On May 25, 2026, President Trump publicly urged six Muslim nations to join the Abraham Accords as part of a broader Iran nuclear framework, only to be met with Pakistan's swift refusal and a wall of silence from the rest. The moment revealed something older than any single administration's ambition: that diplomatic architecture built on deliberate omissions eventually encounters the weight of what it left out. The Gaza war has transformed public sentiment across the Arab world, and no amount of top-down pressure from Washington can dissolve the gap between what governments are asked to sign and what their populations are willing to accept.

  • Trump's call to Saudi Arabia, Qatar, Pakistan, Turkey, Egypt, and Jordan to join the Abraham Accords landed like a demand rather than an invitation — and Pakistan rejected it within hours.
  • The original 2020 accords never resolved the Palestinian question, and that structural omission, once dormant, has been torn open by a Gaza war that has killed tens of thousands and inflamed Arab public opinion.
  • Saudi Arabia — the diplomatic prize that would reshape the entire regional order — has held firm: no normalization without a credible commitment to Palestinian statehood, a condition Israel has not offered and Gaza makes politically impossible to ignore.
  • Trump's gambit rests on linking Arab-Israeli normalization to an Iran nuclear deal, a logic with internal coherence but little traction in a region where the theory and the reality have a troubled history.
  • Without a Gaza ceasefire or a credible Palestinian pathway, these governments face an impossible choice: accept diplomatic rewards from Washington while their publics watch Palestinian casualties mount.

On May 25, 2026, President Trump made a sweeping public call for six Muslim nations — Saudi Arabia, Qatar, Pakistan, Turkey, Egypt, and Jordan — to join the Abraham Accords as part of a deal tied to Iran nuclear negotiations.

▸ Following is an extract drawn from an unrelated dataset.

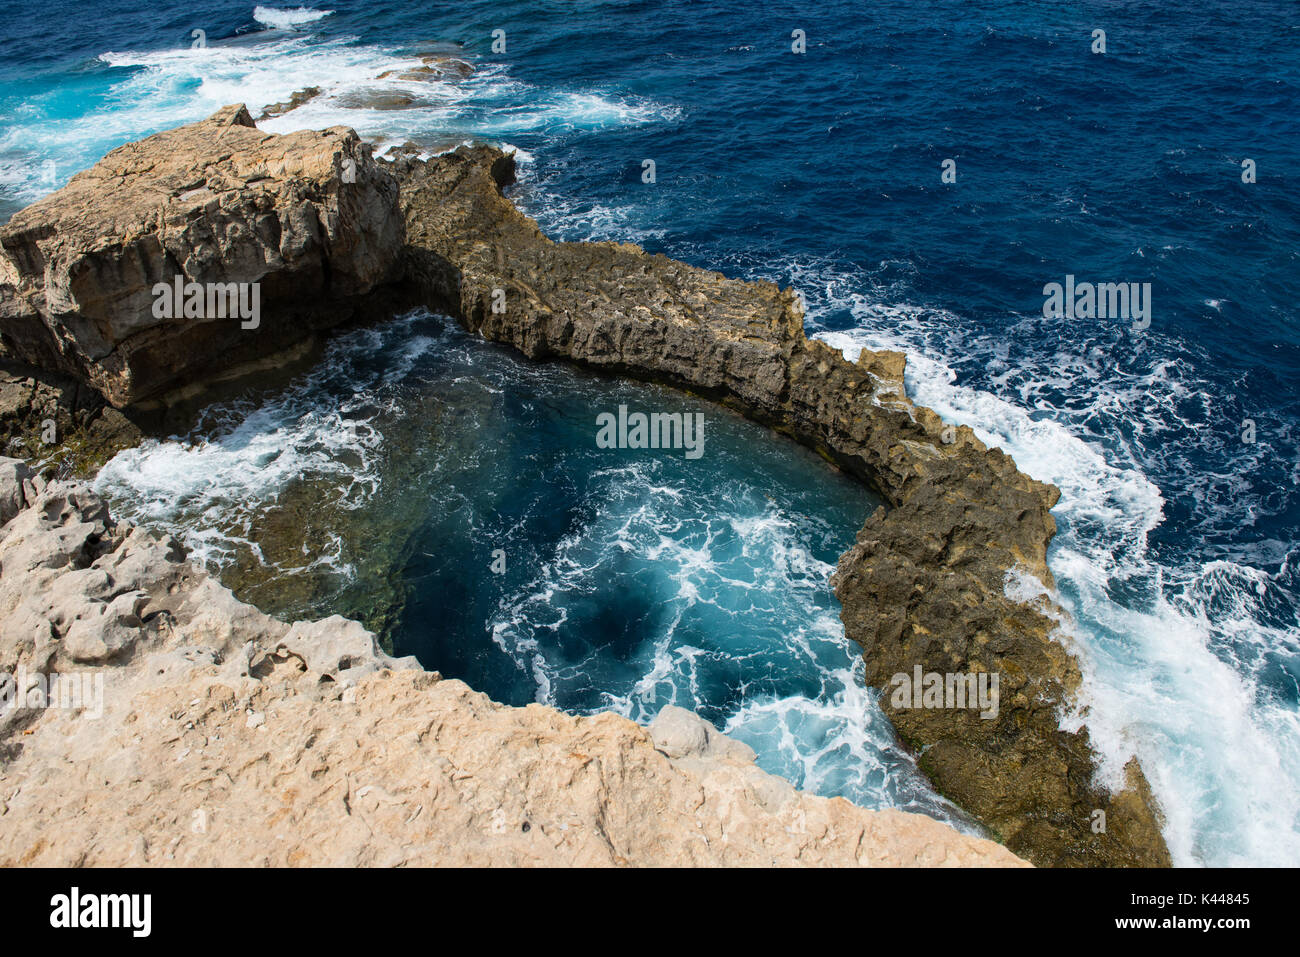 Rocky coastline and sea. Blue hole and the collapsed Azure window in Dwejra Bay, Gozo, Malta - Stock Image

Pakistan declined within hours. The others said nothing. The moment crystallized a deeper question: had the accords, once celebrated as the most consequential Middle East breakthrough in decades, reached the limits of what they could deliver?

The original 2020 agreements between Israel and the UAE, Bahrain, Morocco, and Sudan had shattered a long-standing taboo. Trade between the UAE and Israel surged past three billion dollars. Direct flights launched. Intelligence cooperation deepened. For the governments involved, the accords worked — they formalized strategic alignment between states that shared a common concern about Iran. But they were built on a deliberate omission: Palestinian statehood was never addressed, no settlement expansion was halted, no meaningful concessions were extracted from Israel. Palestinian leadership called it betrayal. That flaw lay dormant until October 2023, when the Gaza war broke it open.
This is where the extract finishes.